Aufsteiger des Jahres
Obama: Der neue Messias?

Die Wahl des US-Präsidenten stellte alles andere in den Schatten. Dass es ausgerechnet dieser Barack Obama wurde, ist vielleicht die unwahrscheinlichste Geschichte der letzten Jahrzehnte. Die Hoffnungen sind riesig, die Herausforderungen aber auch.

WASHINGTON. Barack Obama war 23 Jahre alt, als er das Weiße Haus zum ersten Mal sah. Das war 1984. Obama kam nach Washington, um zu protestieren. Präsident Ronald Reagan hatte gerade die staatlichen Hilfen für Studenten gekürzt. Und Obama, damals Sozialarbeiter am City College in New York, stand mit einer Gruppe von Studentenführern vor dem Regierungsgebäude an der Washingtoner Pennsylvania Avenue - und hielt eine Petition an den Präsidenten in der Hand. Durch die Stäbe des Gitterzauns nahm er das Weiße Haus zum ersten Mal ins Visier.

Dass nun 25 Jahre später dieser Barack Obama zum 44. Präsidenten der Vereinigten Staaten vereidigt wird - das ist die vielleicht unwahrscheinlichste Geschichte der letzten Jahrzehnte. Denn weder 1984 noch lange Jahre danach sah es so aus, als würde dieses Märchen tatsächlich wahr werden. Obama galt zwar als talentierter, smarter, zuweilen auch durchaus abgebrühter Politiker, der auf der Karriereleiter immerhin geschickt bis in den Senat emporkletterte. Doch noch vor gut zwei Jahren war der Bekanntheitsgrad des Mannes mit den Eltern aus Kansas und Kenia nicht besonders hoch.

Das galt auch noch für die Zeit nach seiner fulminanten Rede auf dem Parteitag der Demokraten in Boston im Sommer 2004. Die exzellente, nachdenkliche Ansprache verschaffte ihm zwar erstmals landesweit Aufmerksamkeit. Aber für den Spitzenjob des US-Präsidenten galt Obama damals noch als zu jung, zu unerfahren, zu naiv. Außerdem: War die Zeit für einen schwarzen Präsidenten in den USA tatsächlich schon reif?

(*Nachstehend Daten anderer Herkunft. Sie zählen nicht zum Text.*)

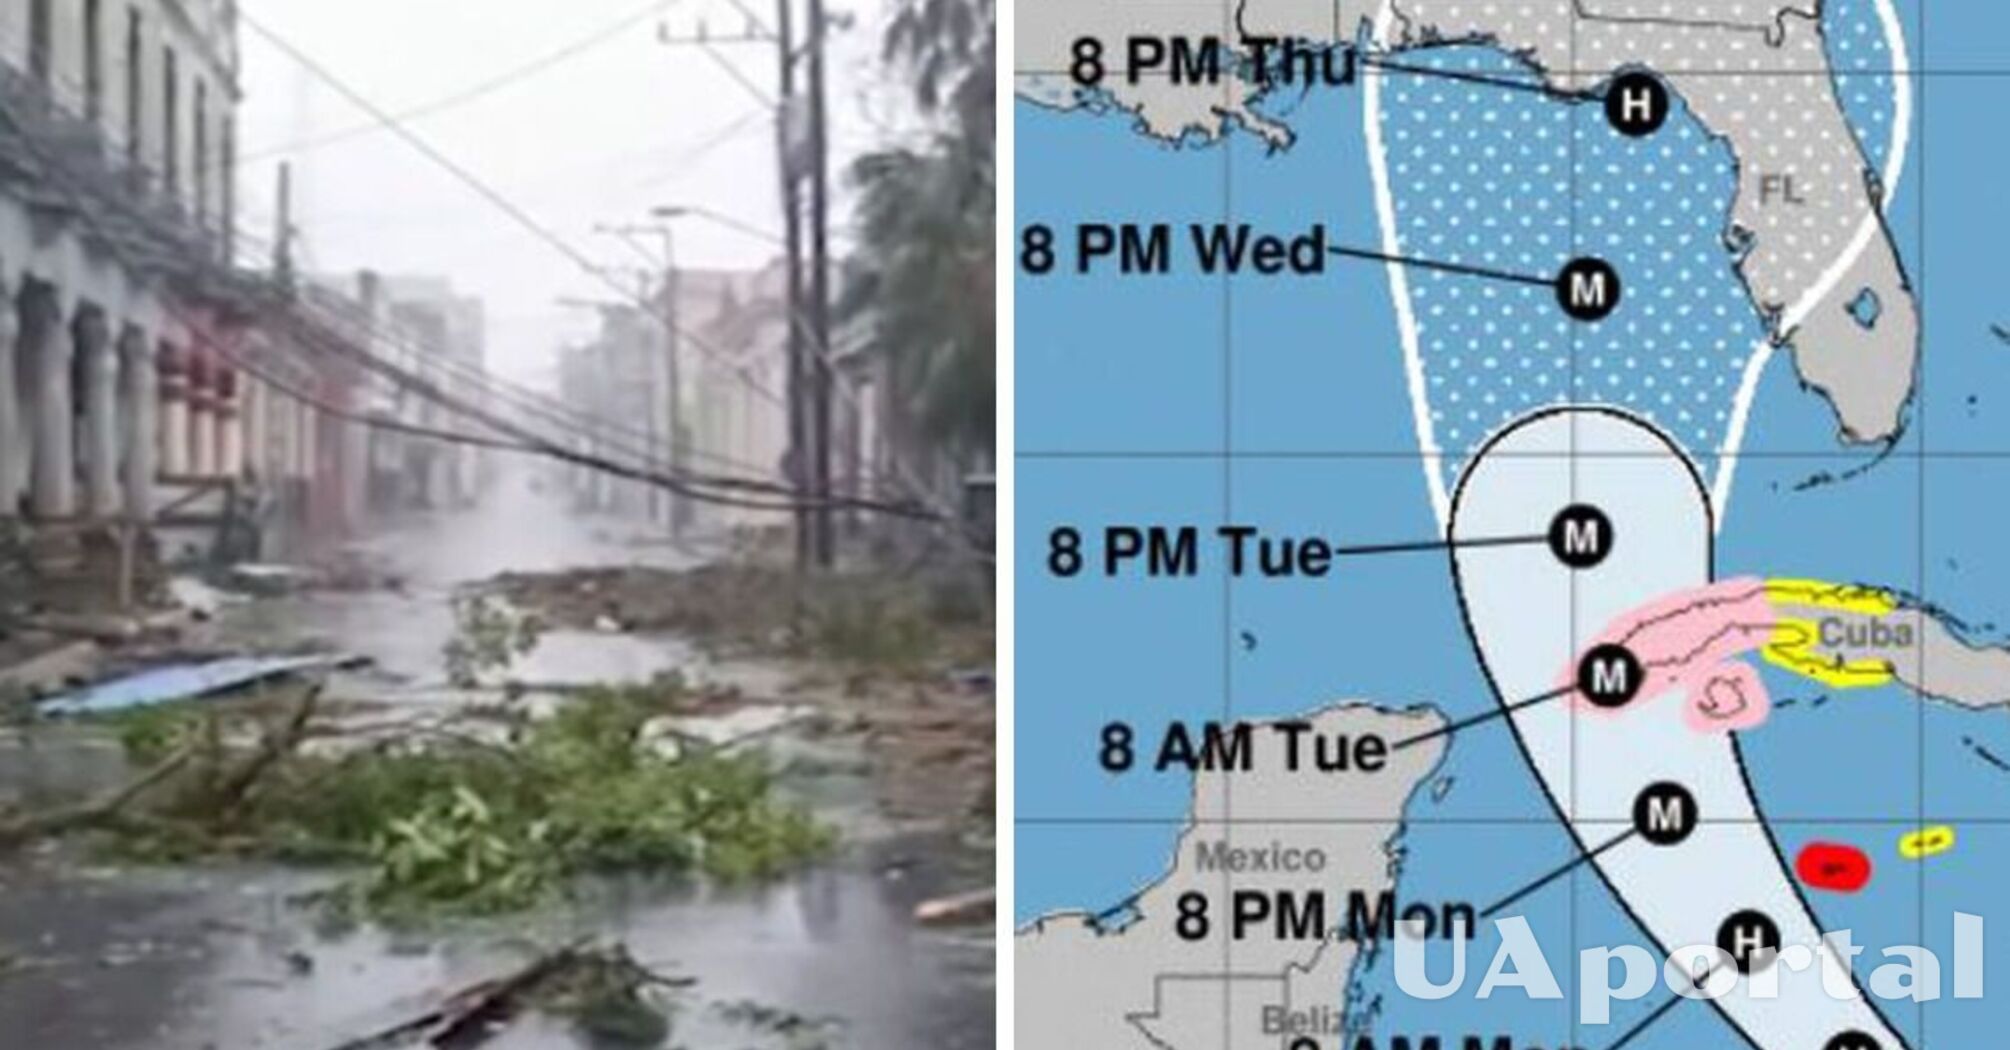 У берегов США свирепствует ураган: во Флориде объявили эвакуацию 2,5 млн человек (видео)

Mit solchen Zweifeln an seiner Eignung wurde Obama im Sommer 2004 jedoch nicht zum ersten Mal konfrontiert - manches Mal hatten die Zweifel sich in der Vergangenheit sogar bestätigt. Beispielsweise als Obama die Bühne in Chicago zu klein wurde und er weiter nach oben drängte, in die Hauptstadt, nach Washington. Das war 1999. Obama wollte Abgeordneter im US-Repräsentantenhaus werden - und musste seinen Rivalen Bobby Rush aus dem Feld schlagen. Der hatte zuvor das Rennen um das Bürgermeisteramt von Chicago verloren - weshalb Obama sich gute Chancen ausrechnet. Doch Obama verkalkuliert sich. Rush, ehemaliges Mitglied der Black Panther und ein prominenter Politiker der Chicago South Side, gehörten nach wie vor die Stimmen der Schwarzen. Und die wählen ihn und nicht Obama. Rush gewinnt mit einem Vorsprung von 31 Prozent. Für den nach oben strebenden Obama ist das keine Niederlage, sondern eine Katastrophe.

Obama scheiterte grandios, weil er sich überschätzt hatte. Doch was dann folgte, macht eben den Unterschied aus zwischen einem "normalen" Politiker und einer Ausnahmefigur. Der Mann mit dem Geburtsort Honolulu, Hawaii, analysierte peinlich genau seine Fehler - und zog daraus die Konsequenzen.

Ab sofort legte er seine Karriere planmäßig an - und zwar so gründlich, dass er Jahre später keinen noch so großen Namen mehr fürchten muss: weder seine innerparteiliche Konkurrentin Hillary Clinton noch den republikanischen Präsidentschaftsbewerber John McCain. Am Abend des 4. November 2008 wird Barack Obama zum 44. Präsidenten der Vereinigten Staaten gewählt. Nicht knapp, sondern klar - von 53 Prozent der amerikanischen Wähler. Mit 365 gegen 173 Wahlmänner.

"Die Niederlage gegen Rush war das Beste, was ihm passieren konnte", sagen viele Leute, die Obama auf seinem Weg nach oben begleitet haben. Denn Obama hat gelernt zu lernen. Der heute 47-Jährige ist zu einem Zuhörer geworden, zu einem, der seine Umgebung zur Kontroverse, zur Auseinandersetzung motiviert. Obama will den Widerstreit der Argumente - insbesondere wenn diese intelligent und schlüssig dargelegt werden. Der ausgebildete Jurist hat Spaß am Diskurs, zumindest solange dieser nicht ins Nirgendwo führt.